Moonshine Arrests during Prohibition in Durbin
Jason Bauserman has researched the official Durbin Town records in an effort to learn about the local enforcement of laws against making or selling whiskey during the period of prohibition in the 1920’s. He shares with us some of what he has learned about that turbulent time.
Jason noted that the Federal prohibition law went into effect on July 1, 1919 and made the making or sale of any alcoholic beverage a felony. This new Federal law clashed with local tradition and heritage as Jason explains.
“It was just kind of a way of life for many of the people back here to make their own (whiskey)” said Jason. “They grew a lot of their own food and meat, and well it was just natural, if they wanted alcohol, they could do that too, kind of a self sufficient person. But then this Prohibition came in.”

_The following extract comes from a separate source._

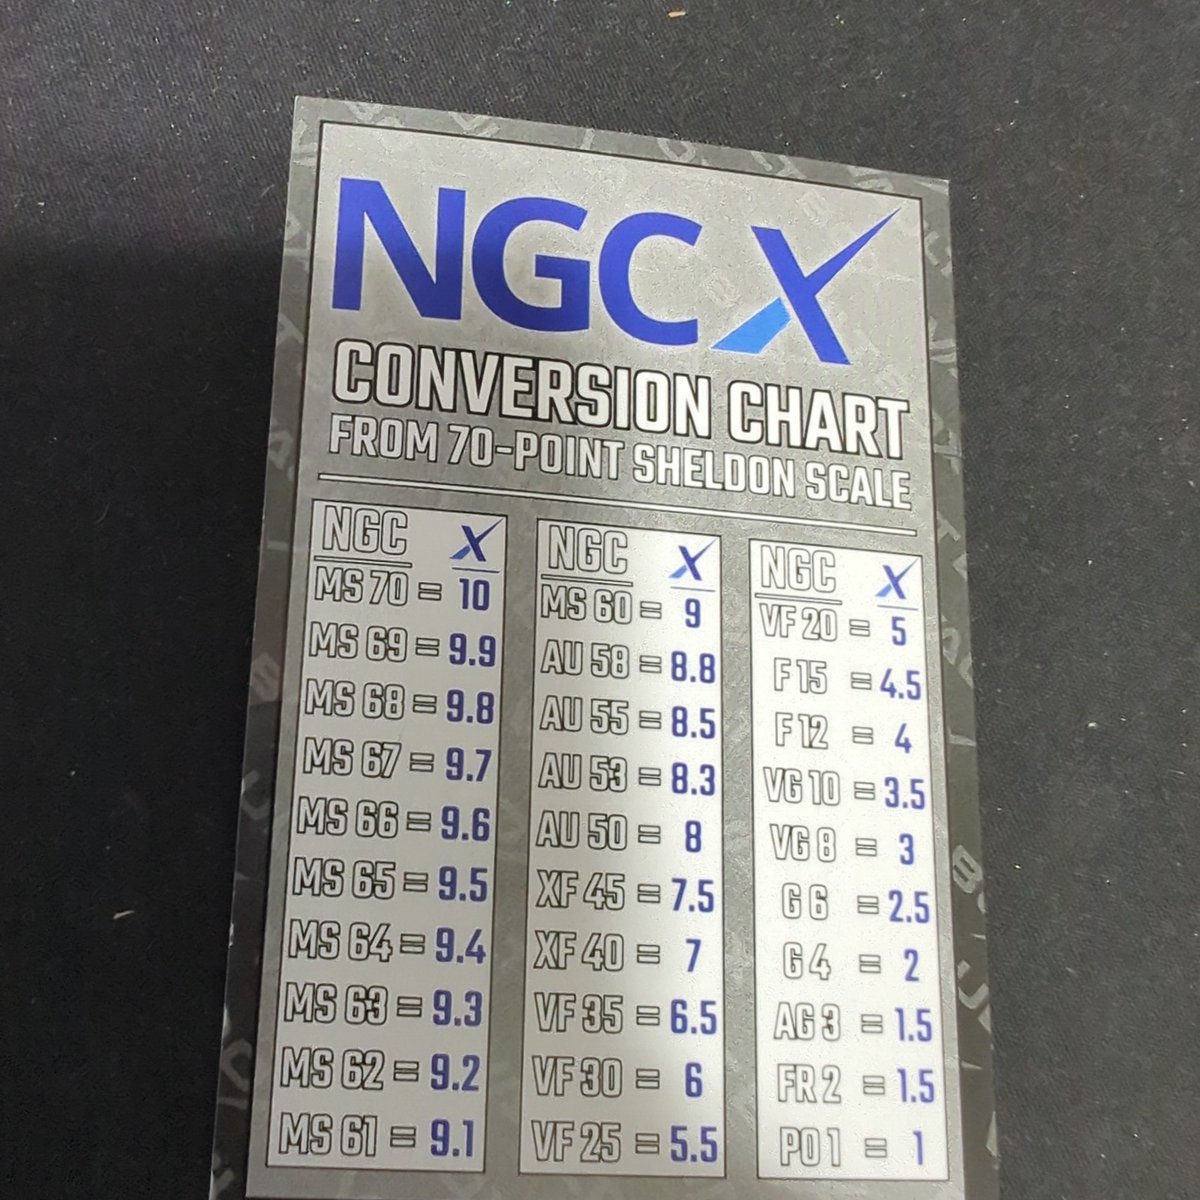 Am I the only one that has a problem with the new @NGCcoin ngcx grading scale? I mean, I like the new 1-10 but come on, you need to differentiate FR2-1.5 from AG3-1.5 for the low ball sets, having so much room and you left those two the same🤦, 1.3 and 1.6?

It took about a year and a half after the Prohibition law passed before the aggressive enforcement trickled down to the Durbin area, but by late 1920, the Justices of the Peace got very busy with local citizens caught distilling or selling liquor.
“In 1921, J.B. Sutton, who was the Justice of the Peace in Cass, arrested about 40 people just in the Cass area alone” Jason says. “Now not all of these people had stills, some were sellers.”
Jason found there were so many moonshine cases that the Justices of the Peace handled these felonies locally, performing as judges. He found it fascinating that these Justices of the Peace, who had no formal legal education, were handling these felony cases.
And what were the usual penalties?
“Most of the time, if you had a still and got caught it was a $200.00 fine and 60 days in jail” Jason answers. “If you were a seller, a lot of times it was maybe a hundred dollar fine and still 60 days in jail.”
Of course those fines were a lot of money to people back in 1921. Jason describes one of the more interesting cases found in the old records.
“August 9th of 1921, there was a Brooks Bishop that got caught” said Jason. “Now he was selling lemon and vanilla extract. And lemon extract was 42% alcohol, and the vanilla extract was 85% alcohol. These were manufactured bottles with a nice label. He just bought probably a big suitcase full and walked around selling this because people couldn’t get alcohol. He got one of the lesser fines, a hundred dollars and 60 days in jail.”
Before probation, most arrests in the Durbin area were men but that changed with prohibition.
“When we did hit the prohibition years, all of a sudden I started to see quite a few women that were involved, and they were the ones pretty much running the stills” Jason said. “There was not much work around. A lot of the work in this area was pretty hard, heavy grunt work –a lot of jobs that women were just denied. But, look, this is a recipe, it’s cooking, it’s watching it and making sure it comes off at the right time and really it kind of fit in with what women were used to doing.”
Jason talks about another case dated July, 11th, 1925, which involved some sisters named Jones from Deer Creek Village.
“I kind of want to pull out this one case” said Jason. “ These Jones sisters, particularly Susan Jones and Virgie Jones, had been caught quite a few times before.”
They were convicted of possession of only one bottle of liquor but because they were of “dubious character” they were sentenced to a fine of $100.00 and 60 days in jail. They were allowed to go home for 48 hours on their own recognizance to prepare for jail but instead skipped out of town. Jason tells what the Justice of the Peace said on the record about that.
“The aforesaid defendants, having decided to depart for parts unknown” quoted Jason. “ They are wished a happy and prosperous sojourn wherever they are, so long as it is outside the boundary lines of the state of West Virginia.”